PARTIDO COMUNISTA PORTUGUÊS
Grupo Parlamentar
Projeto de Resolução n.º 656/XII/2.ª
Apoio extraordinário à Região Autónoma dos Açores
Exposição de motivos
Nas últimas semanas, abateram-se fortes temporais sobre a Região Autónoma dos
Açores, causando tragédias humanas, elevados danos e enormes prejuízos materiais.
No passado dia 14 de Março, três pessoas perderam a vida na localidade de Faial da
Terra, concelho de Povoação, ilha de S. Miguel, vítimas de deslizamento de terras que
soterrou três casas.
Na ilha Terceira, o mau tempo causou também 30 desalojados devido ao transbordo de
uma ribeira em Porto Judeu.
E, em diversas ilhas, o mau tempo vitimou centenas de cabeças de gado.
Segundo cálculos do Governo Regional dos Açores, os prejuízos calculados até à data
ascendem a 35 milhões de euros. Segundo o Vice-Presidente do Governo Regional, esta
situação de catástrofe irá implicar um esforço acrescido de reposição significativa de um
conjunto de infraestruturas que ficaram danificadas ou destruídas na região, pelo que
deve merecer uma profunda solidariedade nacional, particularmente tendo em conta que
irá implicar uma afetação muito significativa de recursos por parte da região.
A Lei de Finanças das Regiões Autónomas (Lei Orgânica n.º 1/2007, de 19 de fevereiro,
alterada pela Lei Orgânica n.º 1/2010, de 23 de Março) prevê precisamente no seu artigo
48.º, que a solidariedade nacional vincula o Estado a apoiar as Regiões Autónomas em
situações imprevistas resultantes de catástrofes naturais e para as quais estas não
disponham de meios financeiros, visando, designadamente, ações de reconstrução e
recuperação de infraestruturas e atividades económicas e sociais, bem como o apoio às
respetivas populações afetadas.
É pois inequívoco que as consequências do mau tempo na Região Autónoma dos Açores
justificam plenamente que seja acionado o mecanismo de apoio extraordinário previsto
na Lei de Finanças das Regiões Autónomas.

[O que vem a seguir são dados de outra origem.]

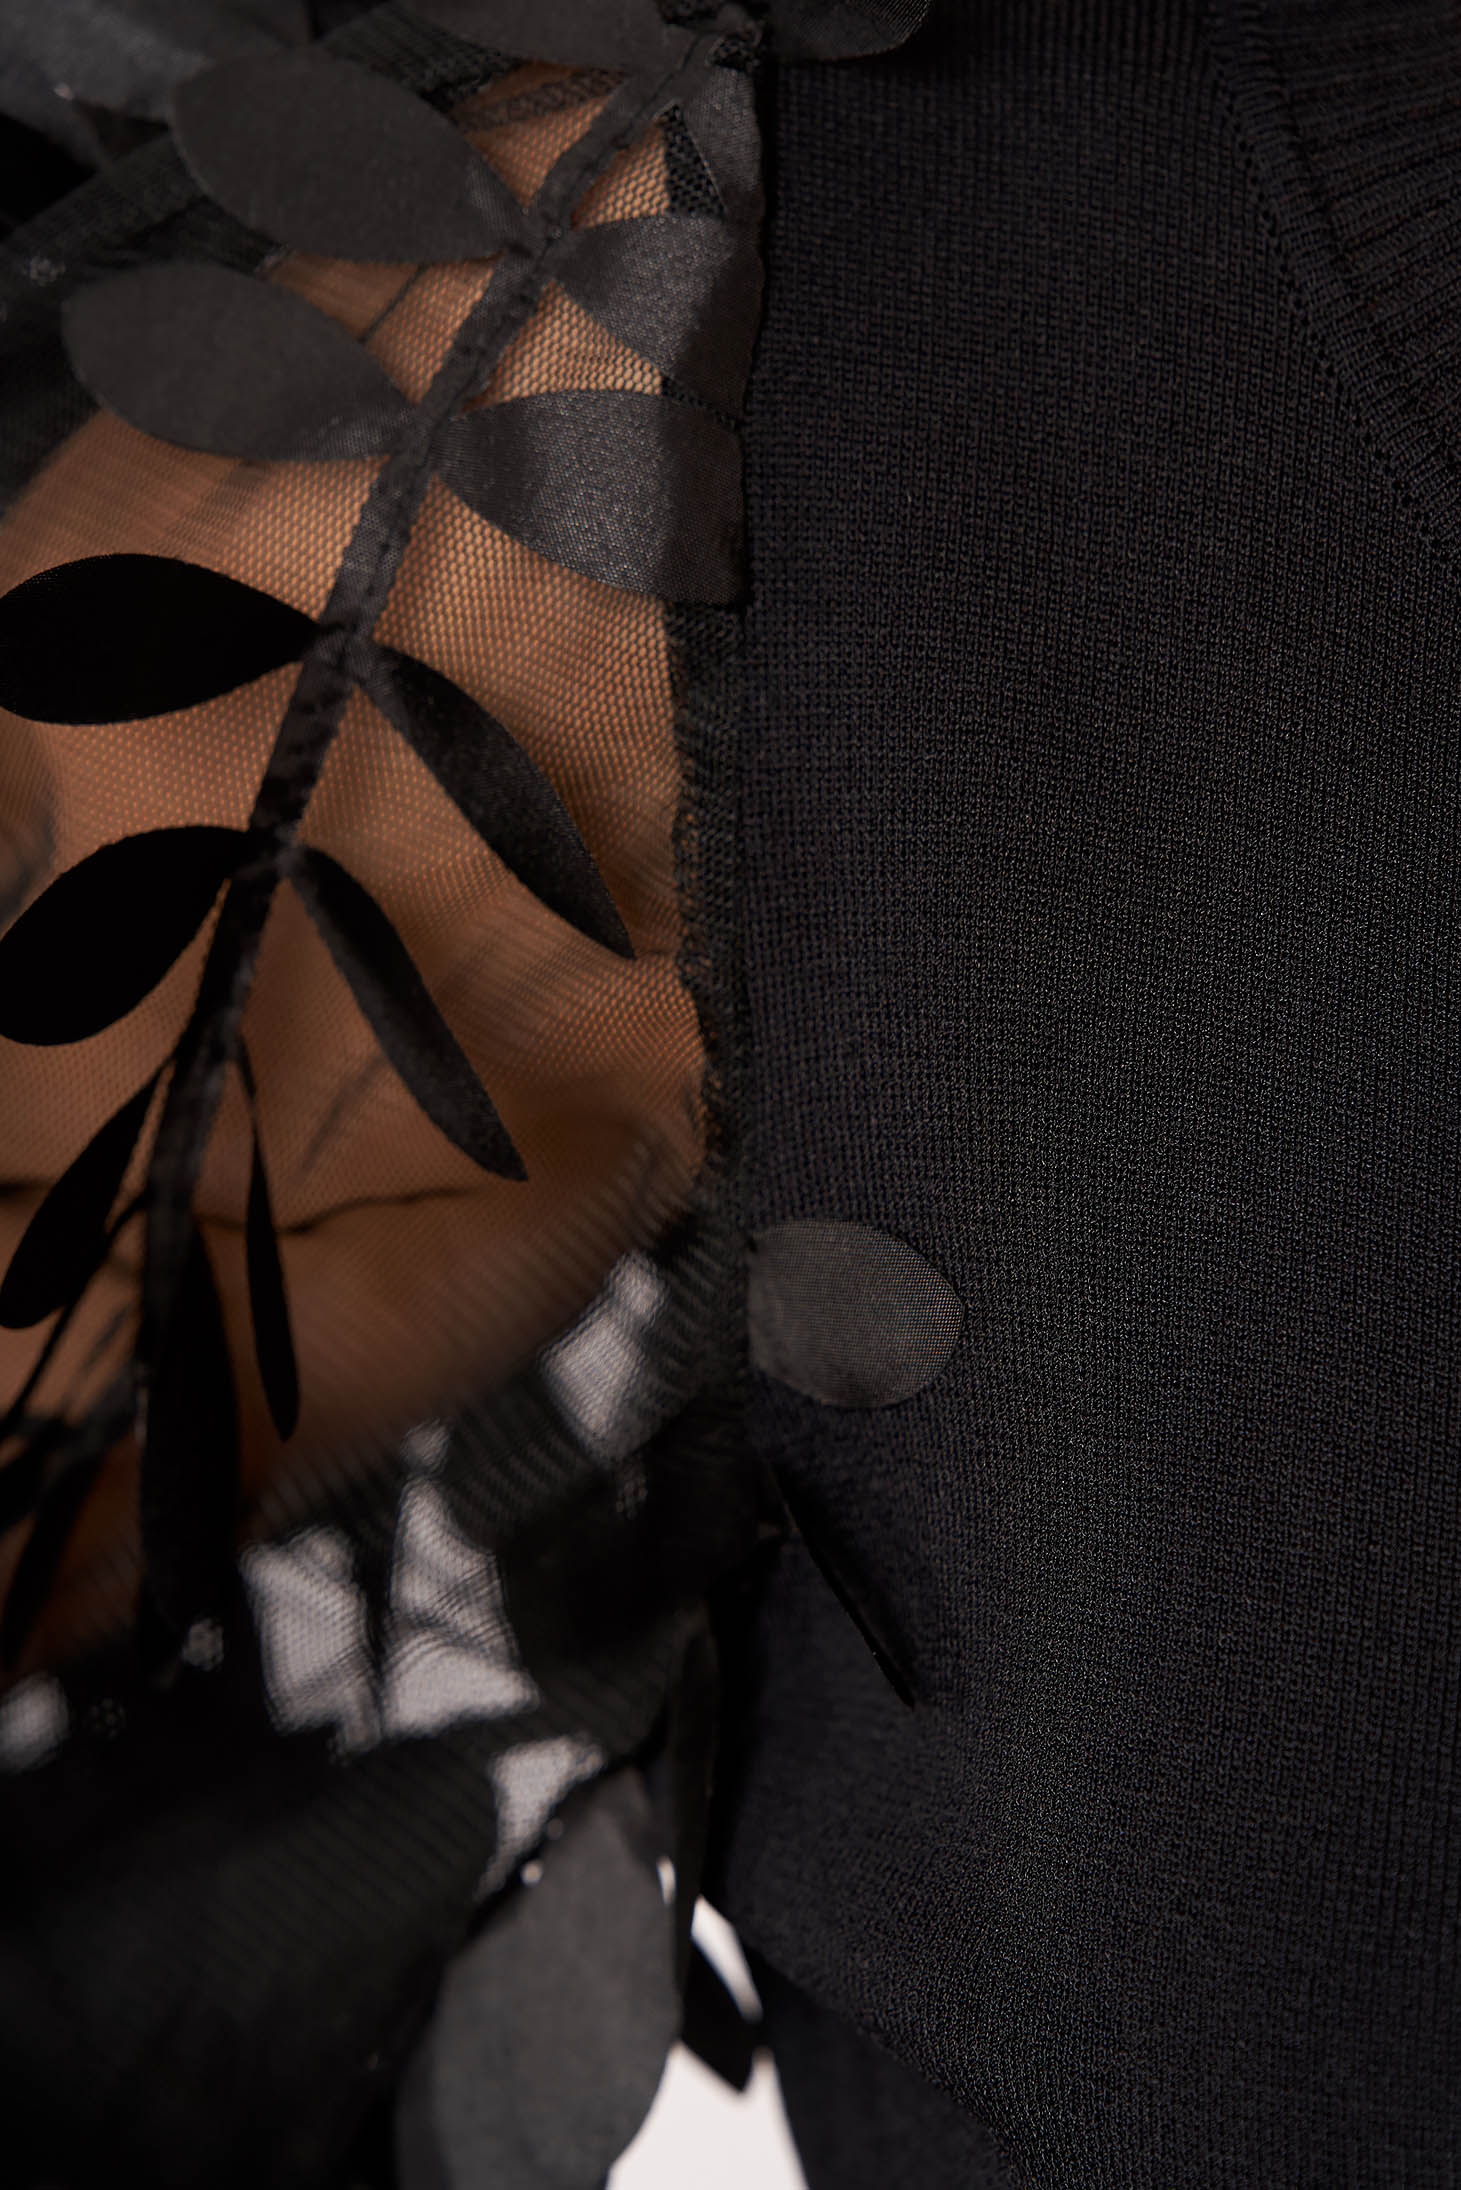 Bluza dama SunShine neagra eleganta tricotata scurta mulata cu aplicatii florale 3D cu decolteu la baza gatului si maneci lungi 4 - StarShinerS.ro
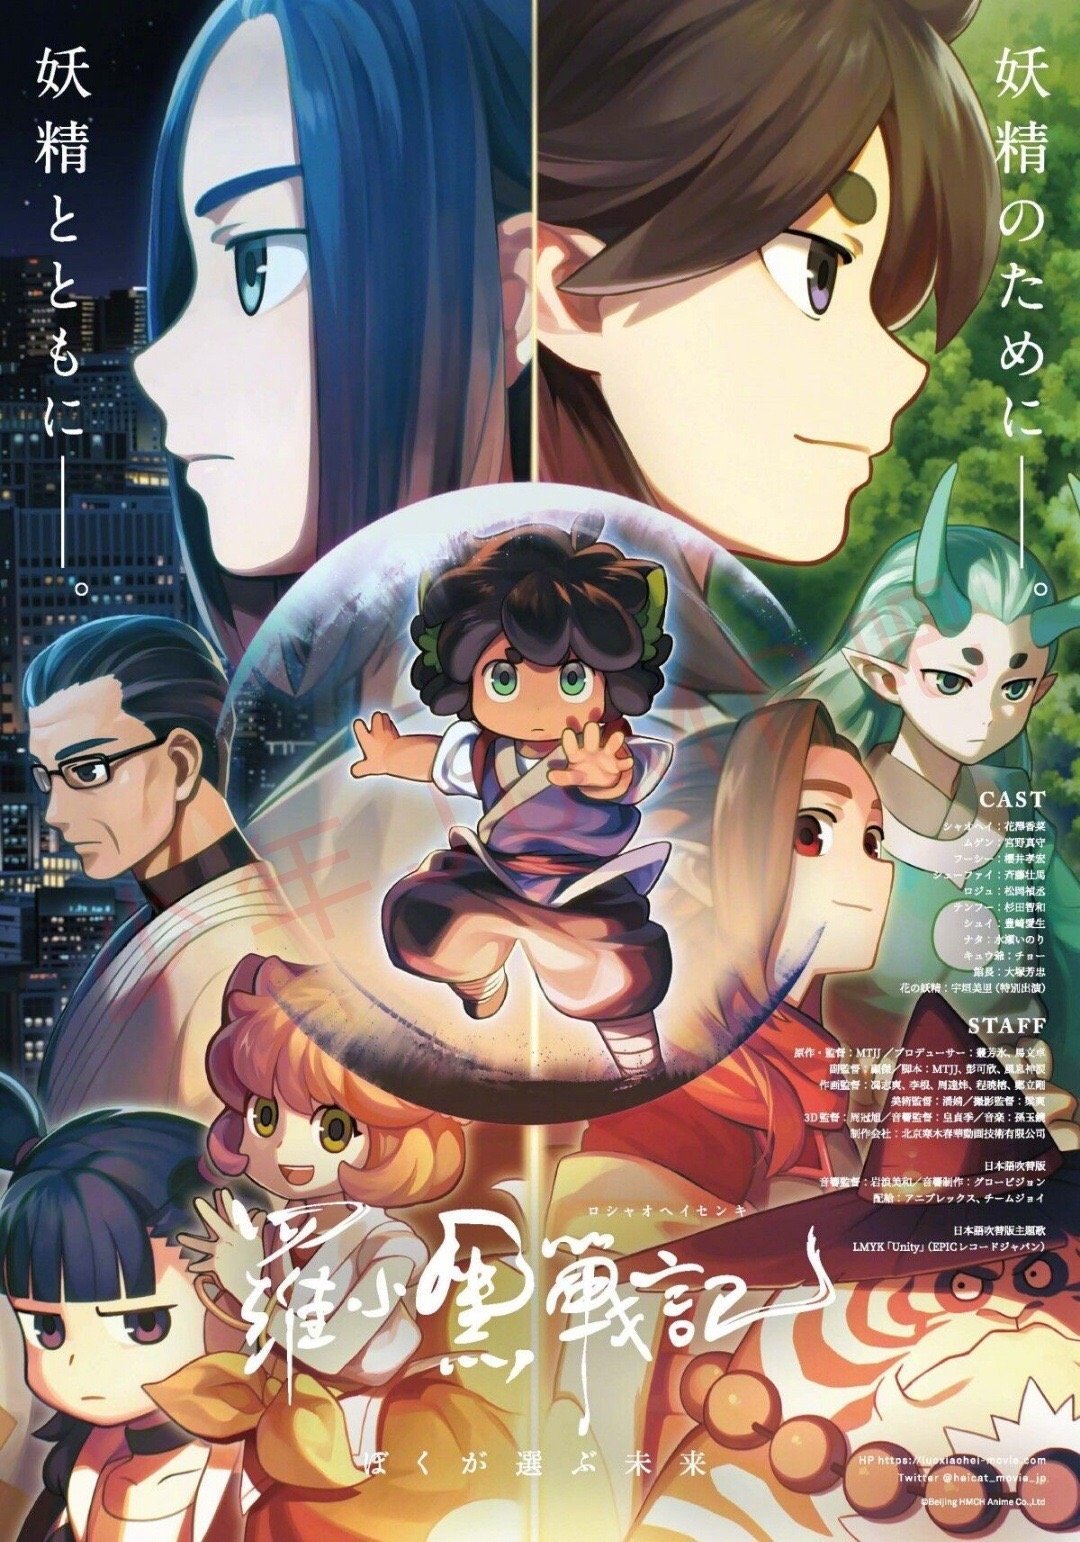 动画电影《罗小黑战记》日语吹替版正式预告公开，11月7日岛国上映,综合

Nestes termos, ao abrigo da alínea b) do artigo 156.º da Constituição da República e da
alínea b) do n.º 1 do artigo 4.º do Regimento da Assembleia da República, o Grupo
Parlamentar do PCP apresenta o seguinte Projeto de
Resolução
A Assembleia da República, nos termos do n.º5 do artigo 166.º da Constituição da
República, resolve recomendar ao Governo que, nos termos do n.º 1 do artigo 48.º da
Lei Orgânica n.º 1/2007, de 19 de fevereiro, alterada pela Lei Orgânica n.º 1/2010, de 23
de março, acione, em articulação com o Governo Regional dos Açores, os mecanismos
de apoio extraordinário à reparação dos prejuízos provocados pelas intempéries que se
abateram sobre a Região ao longo do mês de março de 2013.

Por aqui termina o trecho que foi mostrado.